The COA, dated at New York, N.Y. on January 21, 1971, called for the ocean carriage of approximately 600,000 tons of crude oil per year for three years. The designated parties were Nereus Shipping, S.A. "as agents for owners" of vessels to be nominated, and Hideca as "charterer". Hideca was obligated to furnish the cargoes which the vessels would carry, at freight rates specified in the COA.
By addendum to the COA, Hideca's performance was guaranteed by Compania Espanola de Petroleos, S.A. ("Cepsa").
The first vessel to perform under the COA, M/T ASIATIC, was nominated on October 26, 1971. In the words of the Second Circuit when the case reached that Court: "All went well until the Arab oil embargo in October, 1973, when the market rate for oil cargoes fell precipitously."
Nereus claims that by July 24, 1974, Hideca was in default in the payment of freight, demurrage and other charges under the COA totalling $1,236,845.67. During that month, amid barrages of charges and counter-charges, performance under the COA ceased, after seventeen liftings.
Nereus demanded arbitration with Hideca to recover the $1,236,845.67 allegedly owing in respect of voyages that had been performed under the COA. Nereus also demanded arbitration with Cepsa on its guaranty of Hideca's performance of the COA, this on the theory that Hideca had wrongfully ceased that performance. Hideca demanded arbitration with Nereus, claiming that Nereus had breached "the entire charter party"; had wrongfully withheld a vessel from Hideca; had improperly obtained an attachment order against Hideca; and had wrongfully invoked the Cepsa guaranty. Damages were claimed in an unstated amount.
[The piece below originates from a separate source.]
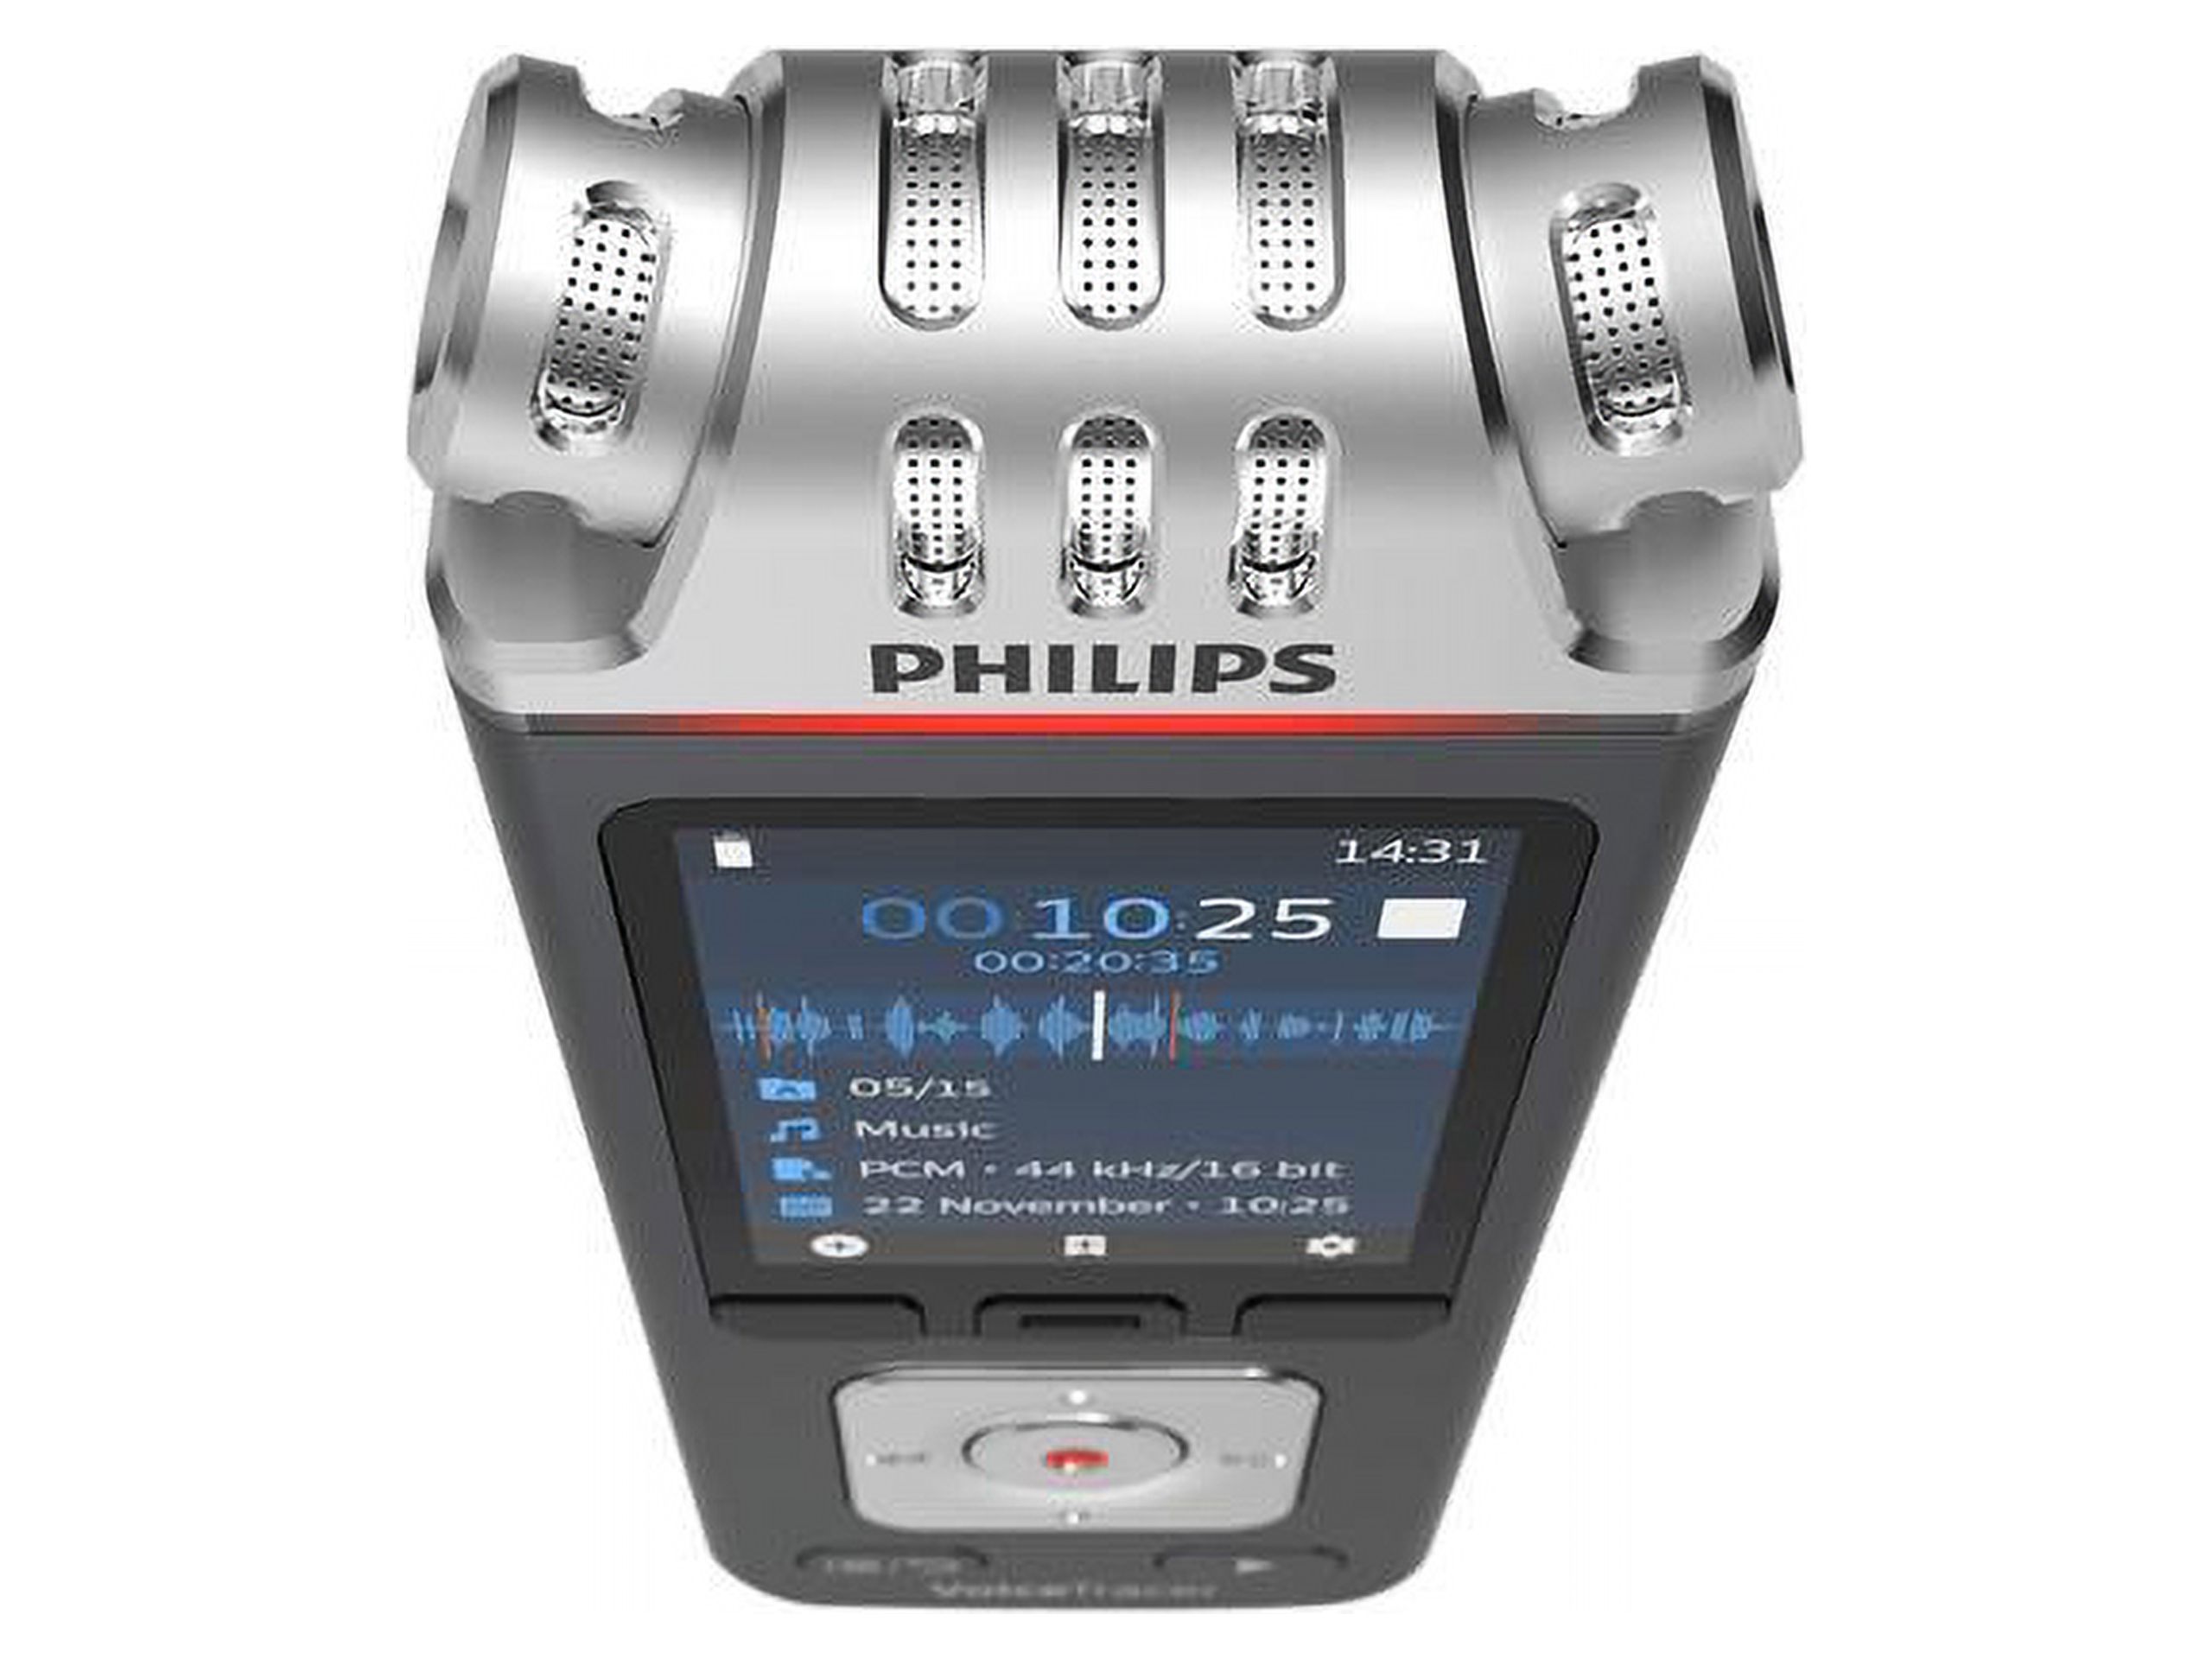 Philips DVT8110 VoiceTracer Meeting Recorder - image 4 of 9

After preliminary legal skirmishings which need not be recounted in detail,
this Court (Stewart, D.J.) held that Cepsa was bound as Hideca's guarantor to arbitrate Nereus' claim; and ordered that the Nereus/Hideca and Nereus/Cepsa arbitrations be consolidated, before a panel of five arbitrators.
On appeal the Second Circuit affirmed, although it modified Judge Stewart's direction as to the selection of the five arbitrators. Under the Court of Appeals' mandate, each of the three parties appointed an arbitrator, who were then to choose two additional arbitrators by unanimous action. Judge Medina concluded his opinion for the Court:
"We believe that it is important that each party have its own representative, a provision which also appears in the contract, and thus we agree with Judge Stewart's selection of a five-man panel. We feel this will best accommodate the newly ordered consolidation and the original contract provisions.
"It is our hope that the parties will now get down to business." 527 F.2d at 975-976.
We turn to the business which next engaged the parties' energies.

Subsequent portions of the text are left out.